SOCIAL - L’ONG Care et le roi de Suède ont attiré l’attention sur les liens...
Le changement climatique est partout. Après avoir valu un Prix Nobel à l’ex-vice président des Etats-Unis
Al Gore vendredi dernier, il s’impose comme préoccupation majeure lors de la
Journée internationale de la pauvreté ce mercredi.
L’ONG Care inquiète
L'ONG
Care a ainsi mis l'accent sur ses «conséquences dramatiques» sur les populations les plus pauvres. «Ces trois derniers mois,
de graves inondations sans précédent ont sévi en Afrique et Asie», rappelle l'ONG dans un communiqué. «Près de 30 pays et environ 70 millions de personnes ont été sévèrement affectés et une fois encore, ces catastrophes ont eu un impact disproportionné sur les populations les plus vulnérables».

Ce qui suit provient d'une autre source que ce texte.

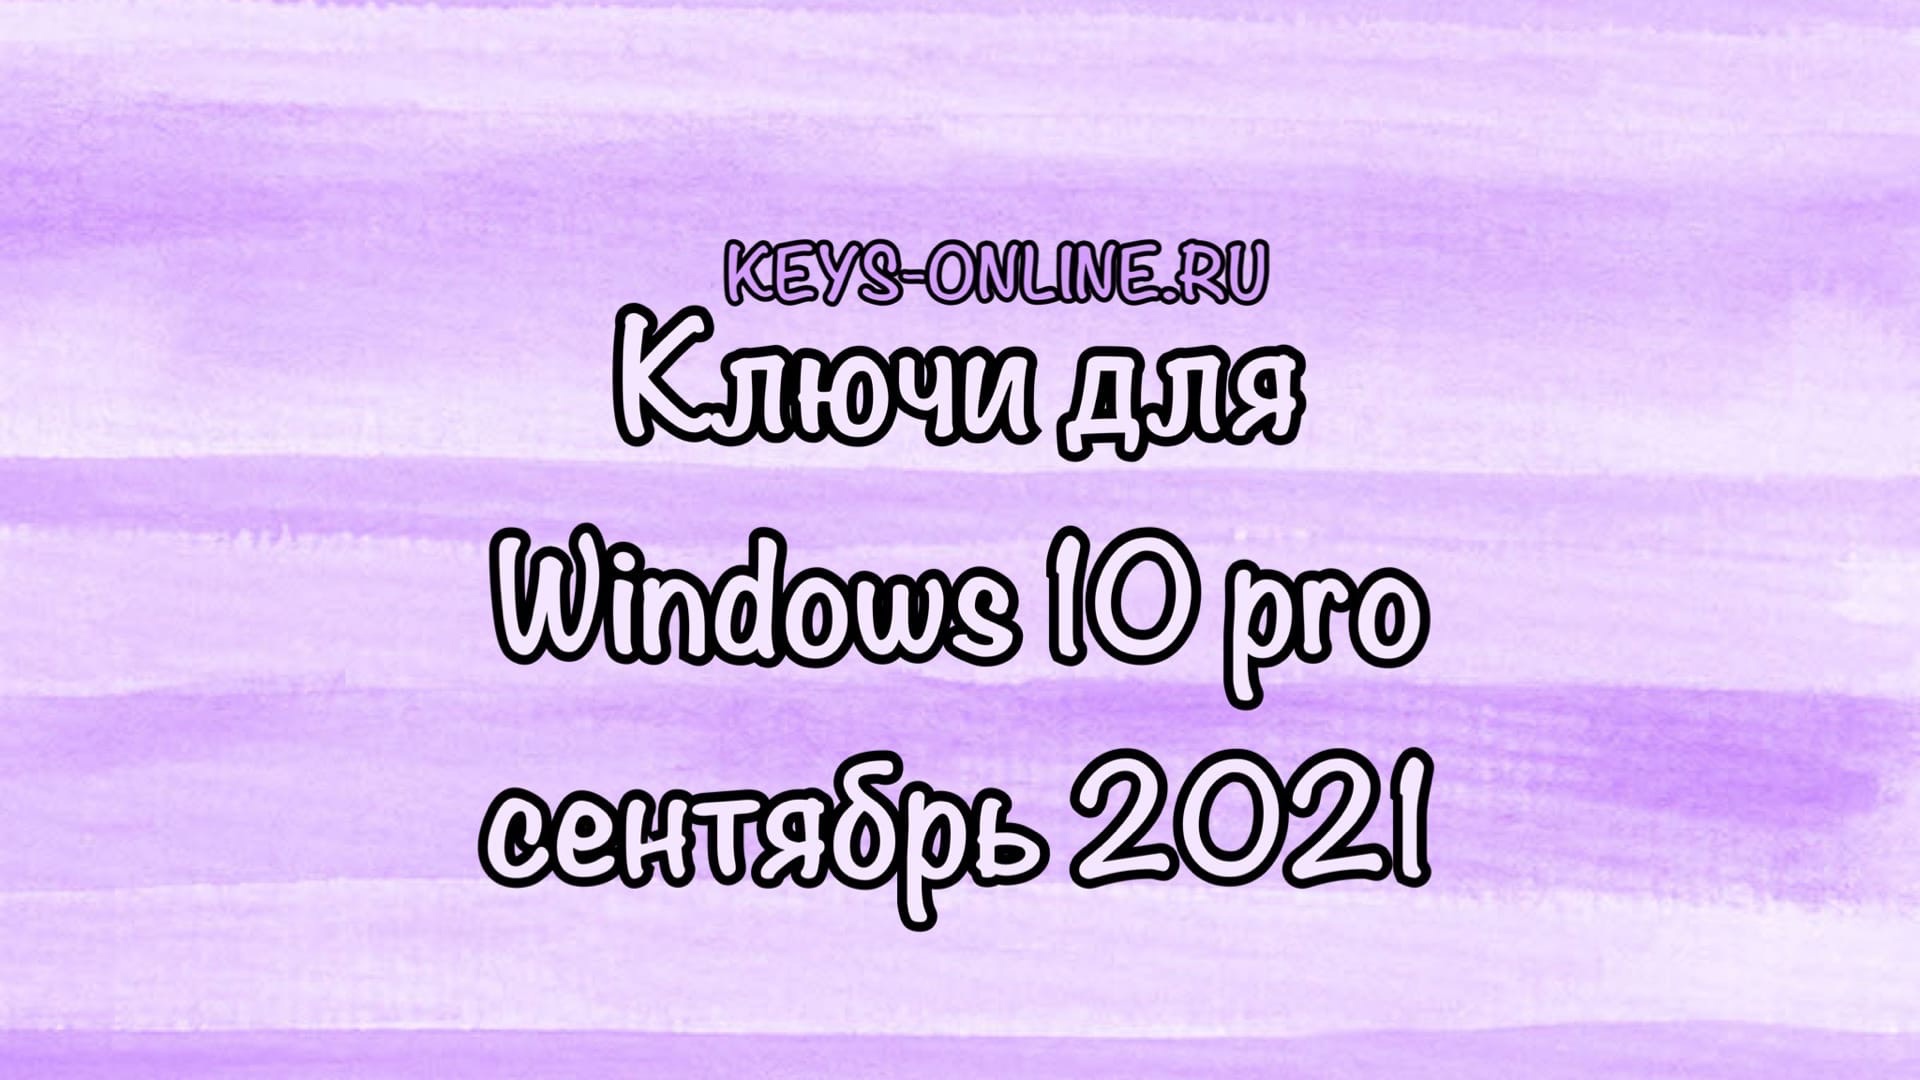 Ключ для windows 10 pro сентябрь 2021

«Quand on demande aux populations les plus pauvres avec lesquelles nous travaillons quels sont les plus gros risques auxquels elles sont confrontées, elles listent les précipitations accrues, les sécheresses plus longues et les inondations croissantes», explique Olivier Braunsteffer, directeur des programmes de Care France.
Et de rappeler que le Panel Intergouvernemental sur le Changement Climatique (PICC), lui aussi nobélisé avec Gore, prévoit par exemple une réduction de moitié de la production alimentaire en Afrique d'ici à 2020 en raison des effets des changements climatiques.
Le roi de Suède aussi
Le roi Carl XVI Gustaf de Suède a également tiré la sonnette d'alarme mercredi sur le changement climatique devant la conférence générale de l'
Unesco à Paris. «La dégradation environnementale est un frein à la croissance économique et accroît la pauvreté», a affirmé à la tribune le souverain suédois.
Lutter contre «l'antagonisme entre croissance économique et réduction de la pauvreté d'une part, et mesures de protection de l'environnement de l'autre» est «le défi que nous devons relever aujourd'hui», a-t-il ajouté.